Work to complete = An exact copy of the data below is needed; please leave out any pictures.

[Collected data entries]
↓↓↓
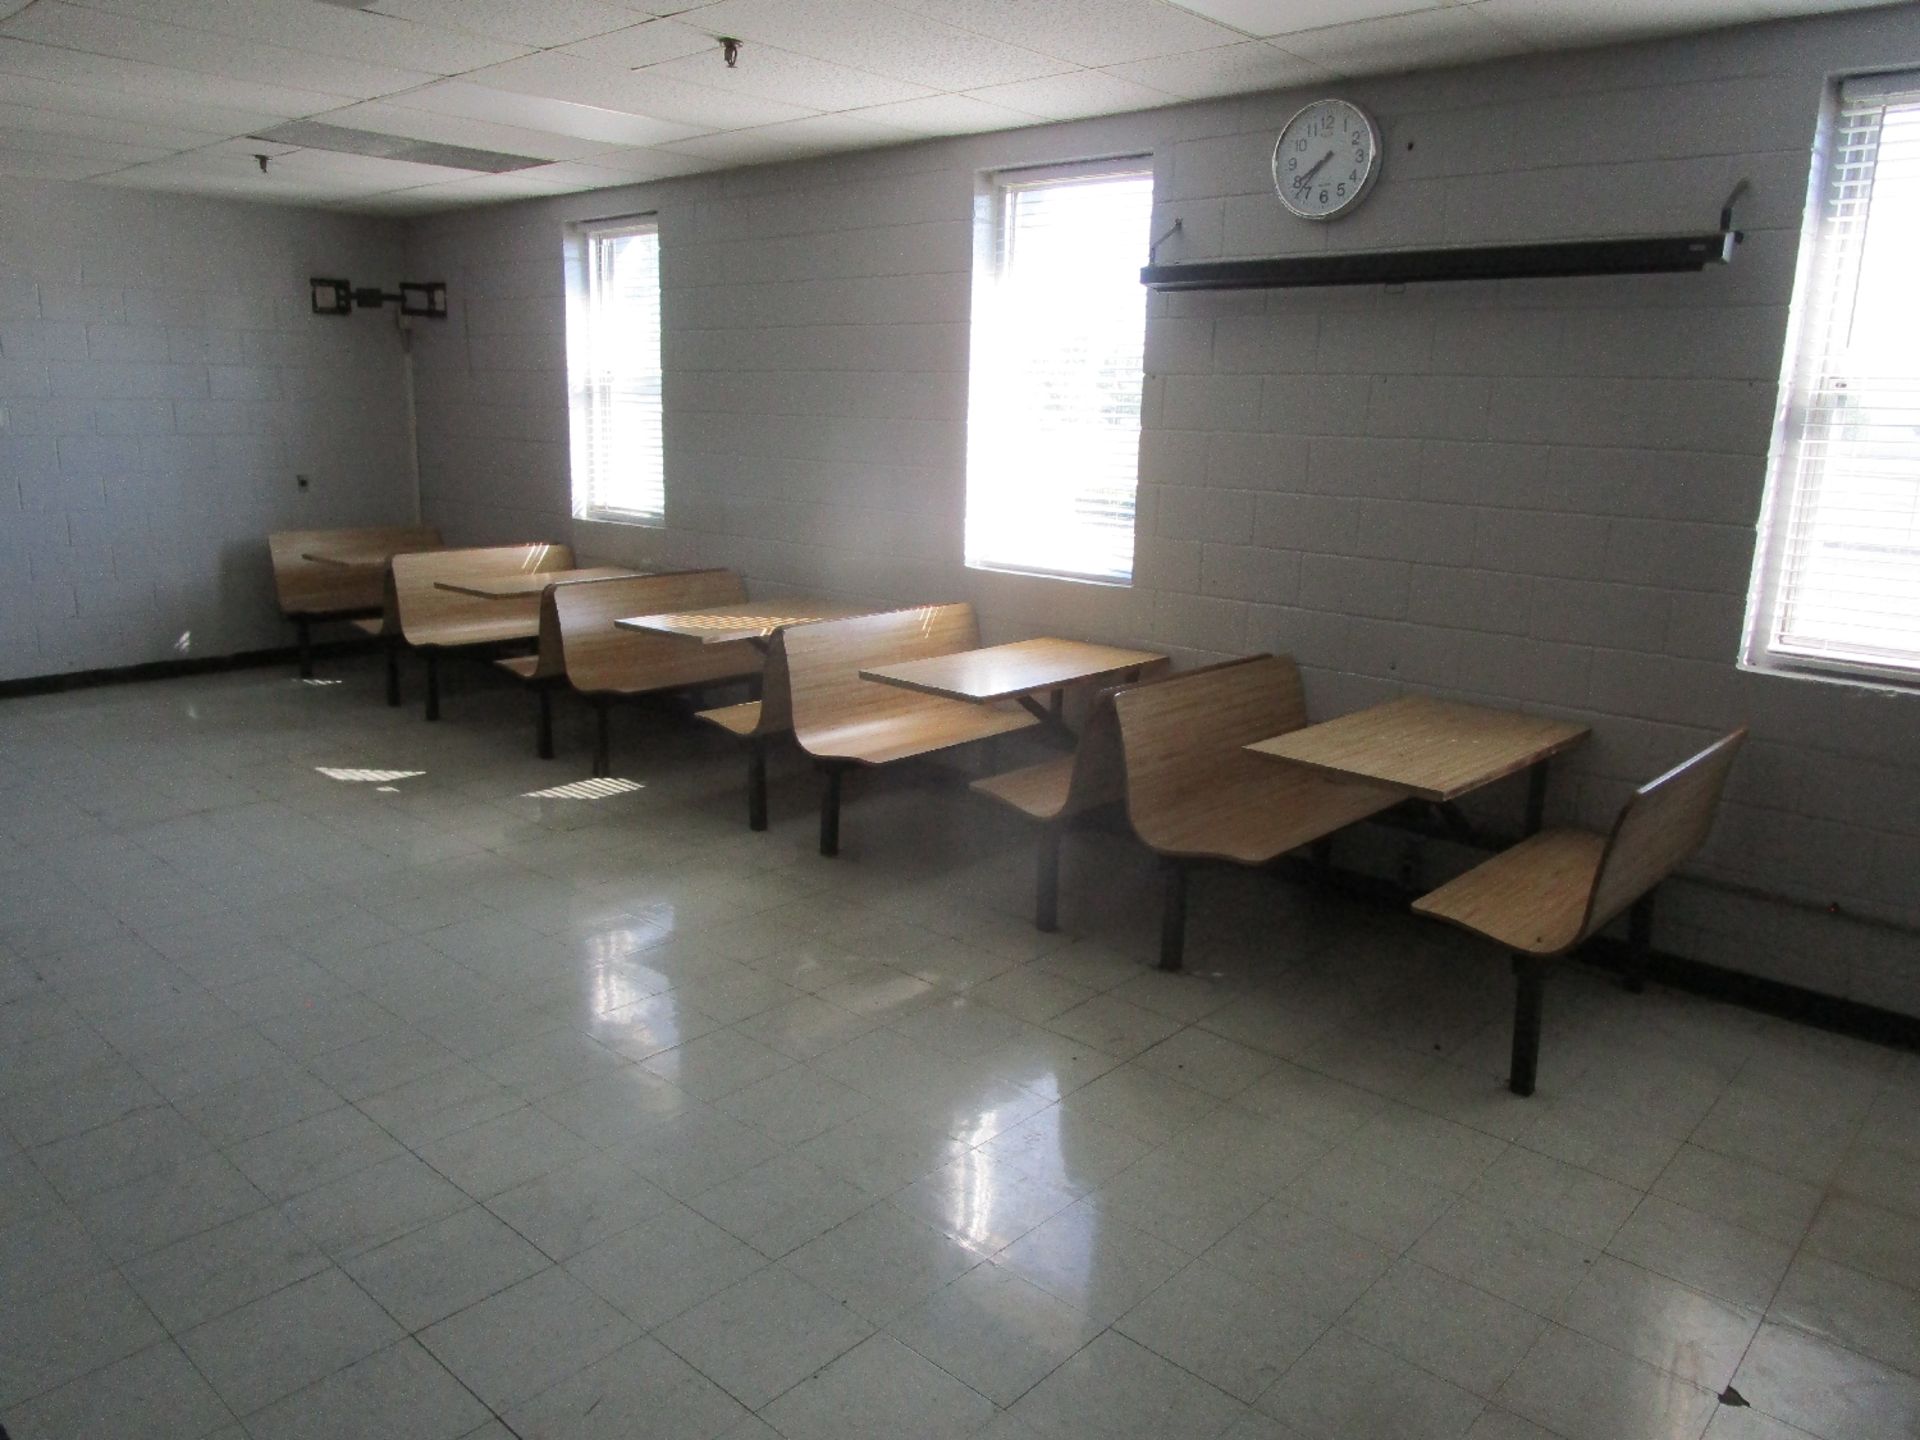 Cafeteria Furniture Including Booths & Tables - Image 2 of 2
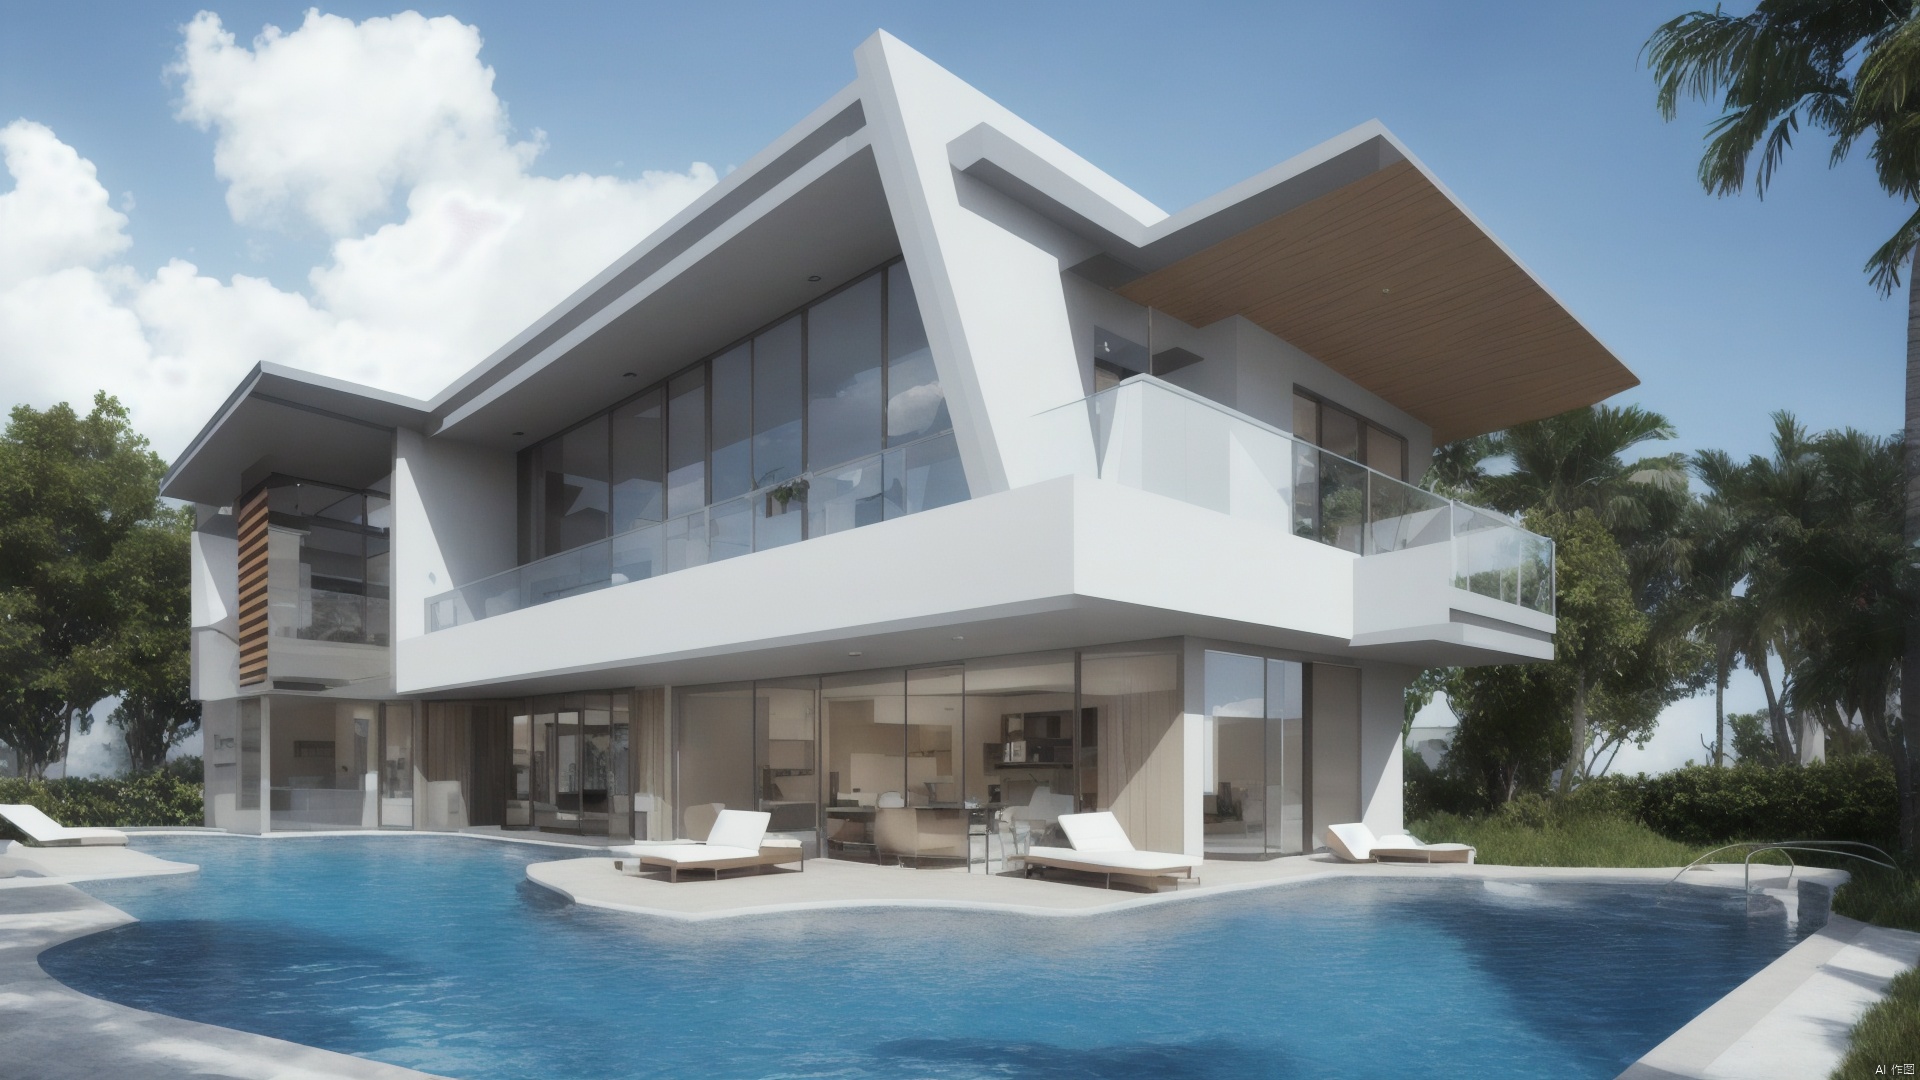  Glass Villa,, 
Outdoor,
Beach,
Modern decoration style,
The entire building uses a single piece of glass,
Glass balcony,
Swimming pool,
Realistic style,
Architectural renderings,


Representative,boutique, Masterpiece, Intricate, 
High Quality, Best Quality, 
4K, 8K,Ultra HD,high res, absurd res,
Full Detail,Exquisite Detail, Super Detail, intricate details,
, SDXL
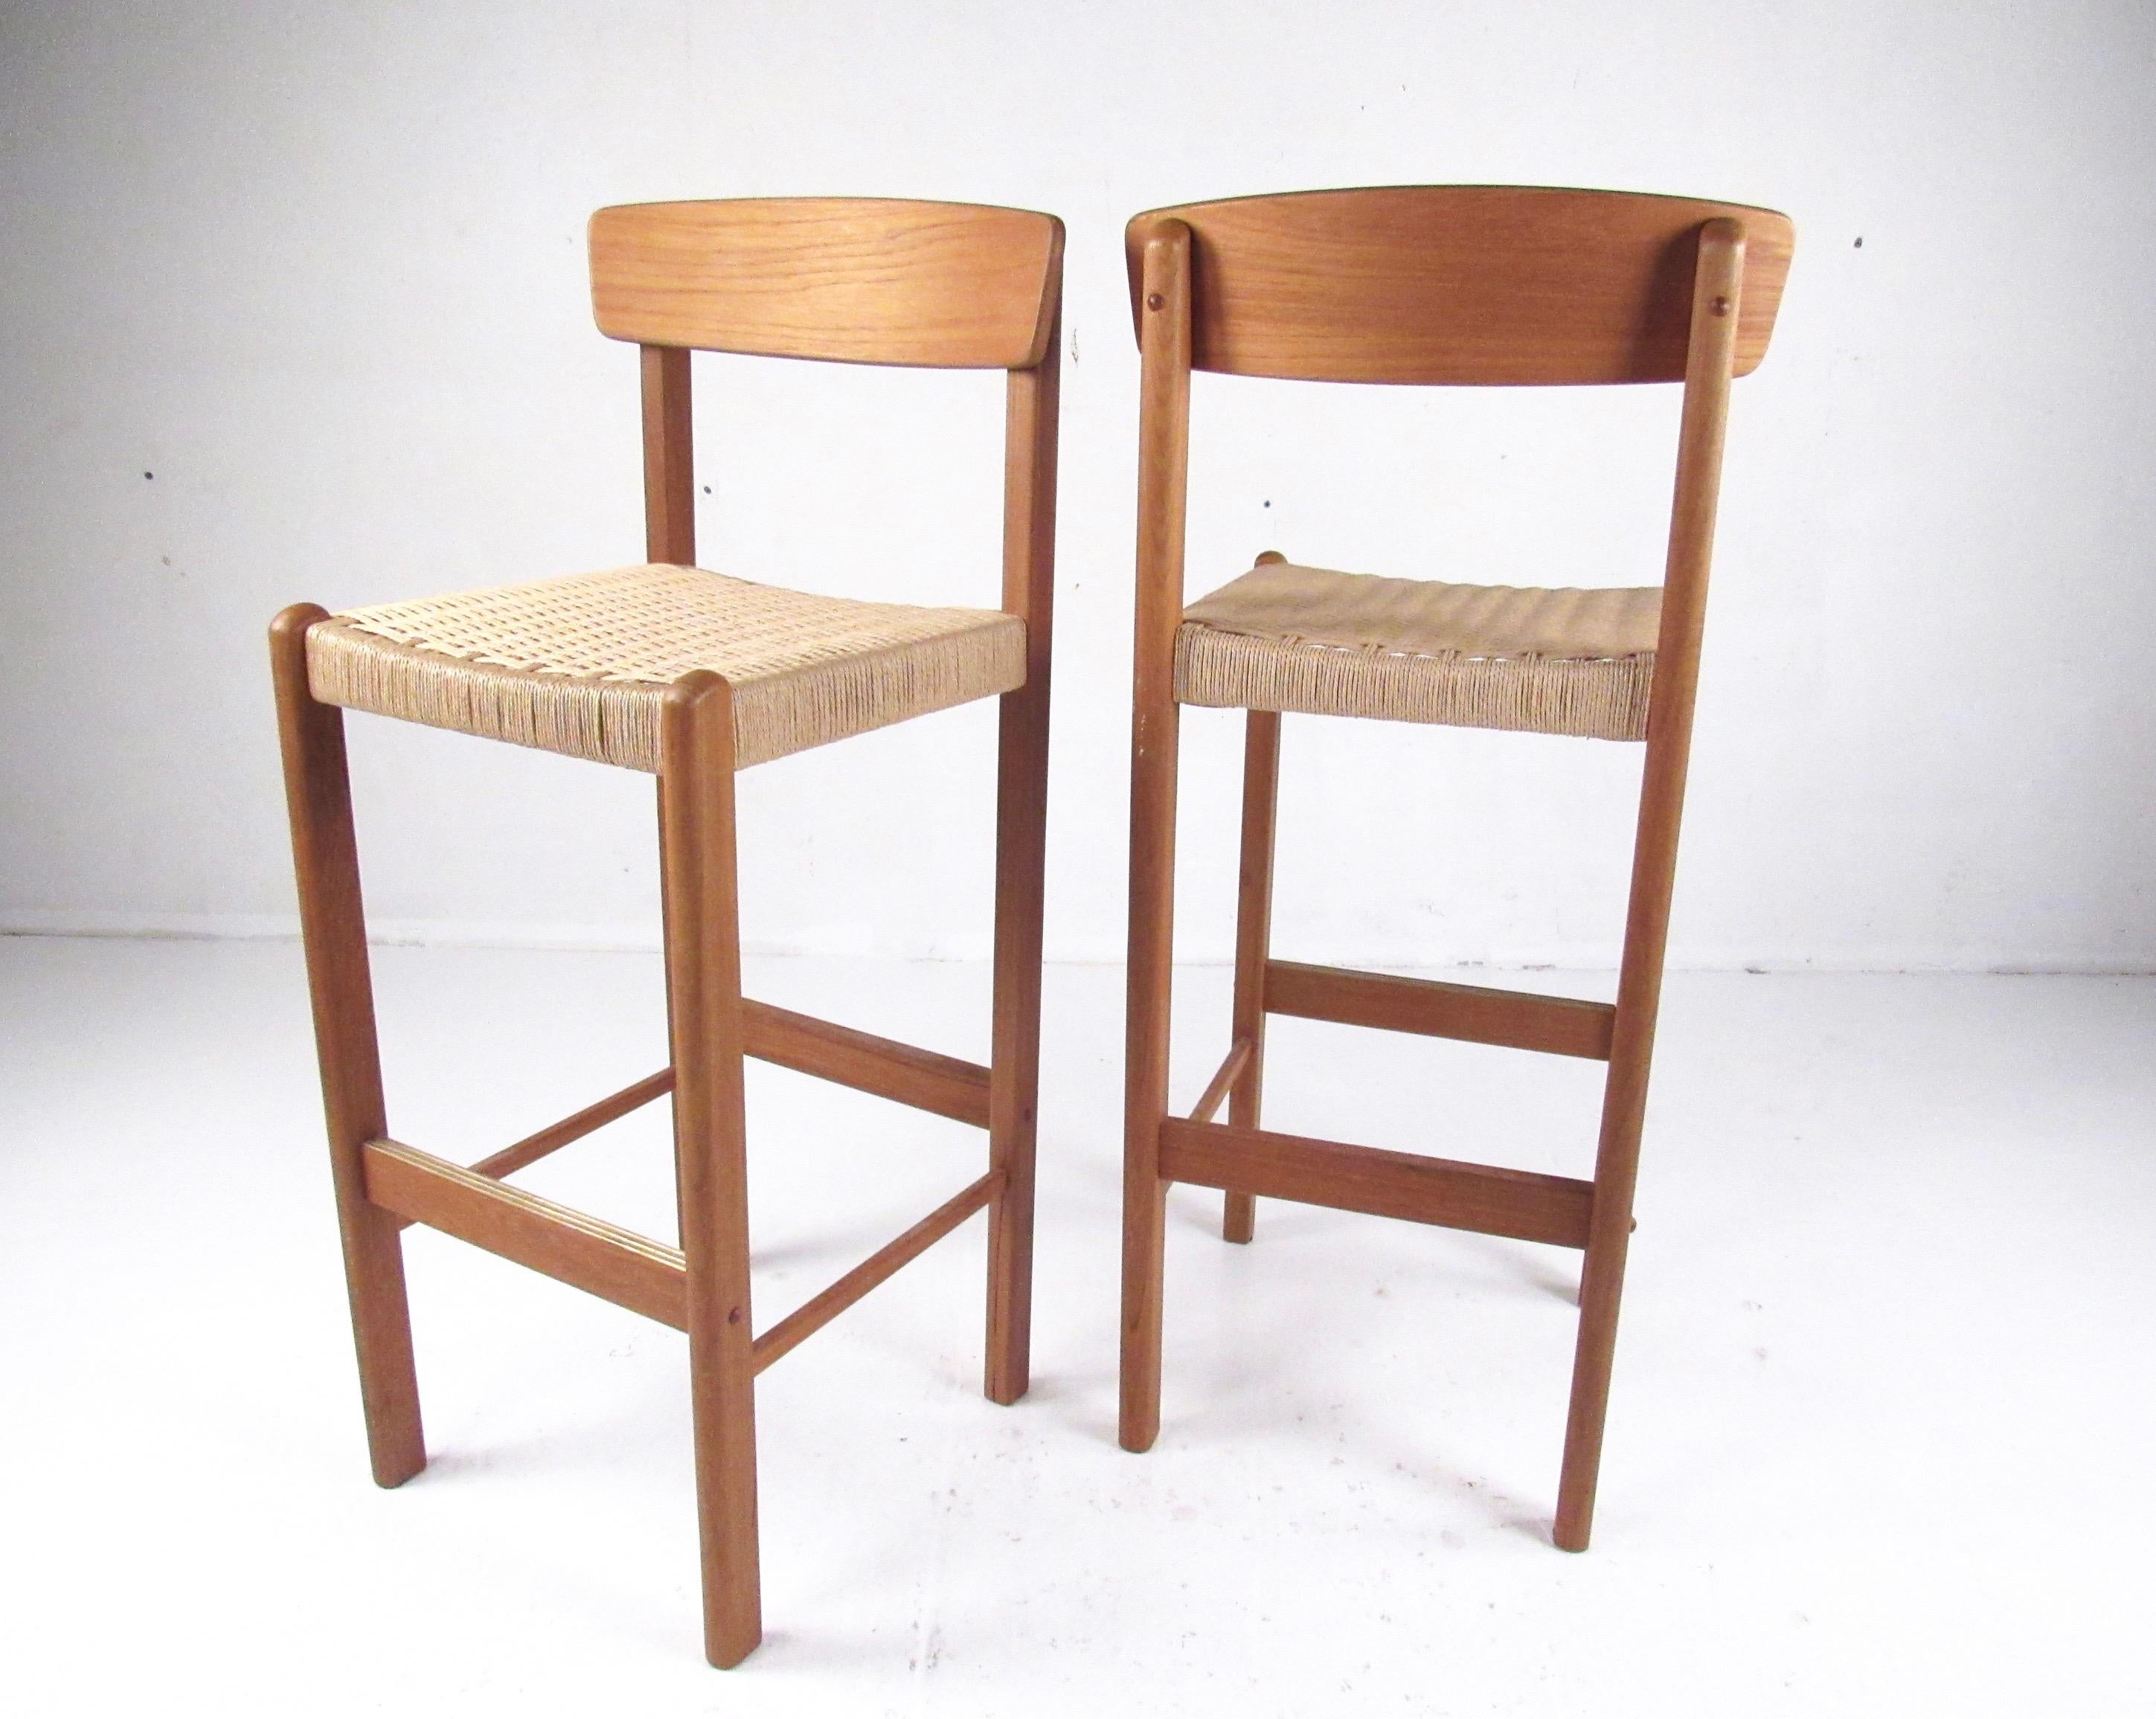 This beautiful pair of modern teak bar stools features Scandinavian style design, sturdy construction, and a stylish mix of hardwood and paper cord. An elegant midcentury style addition to home or business bar or counter seating arrangement. Please
↑↑↑
Output of the task =
 Cafeteria Furniture Including Booths & Tables - Image 2 of 2
  Glass Villa,, 
Outdoor,
Beach,
Modern decoration style,
The entire building uses a single piece of glass,
Glass balcony,
Swimming pool,
Realistic style,
Architectural renderings,


Representative,boutique, Masterpiece, Intricate, 
High Quality, Best Quality, 
4K, 8K,Ultra HD,high res, absurd res,
Full Detail,Exquisite Detail, Super Detail, intricate details,
, SDXL
 This beautiful pair of modern teak bar stools features Scandinavian style design, sturdy construction, and a stylish mix of hardwood and paper cord. An elegant midcentury style addition to home or business bar or counter seating arrangement. Please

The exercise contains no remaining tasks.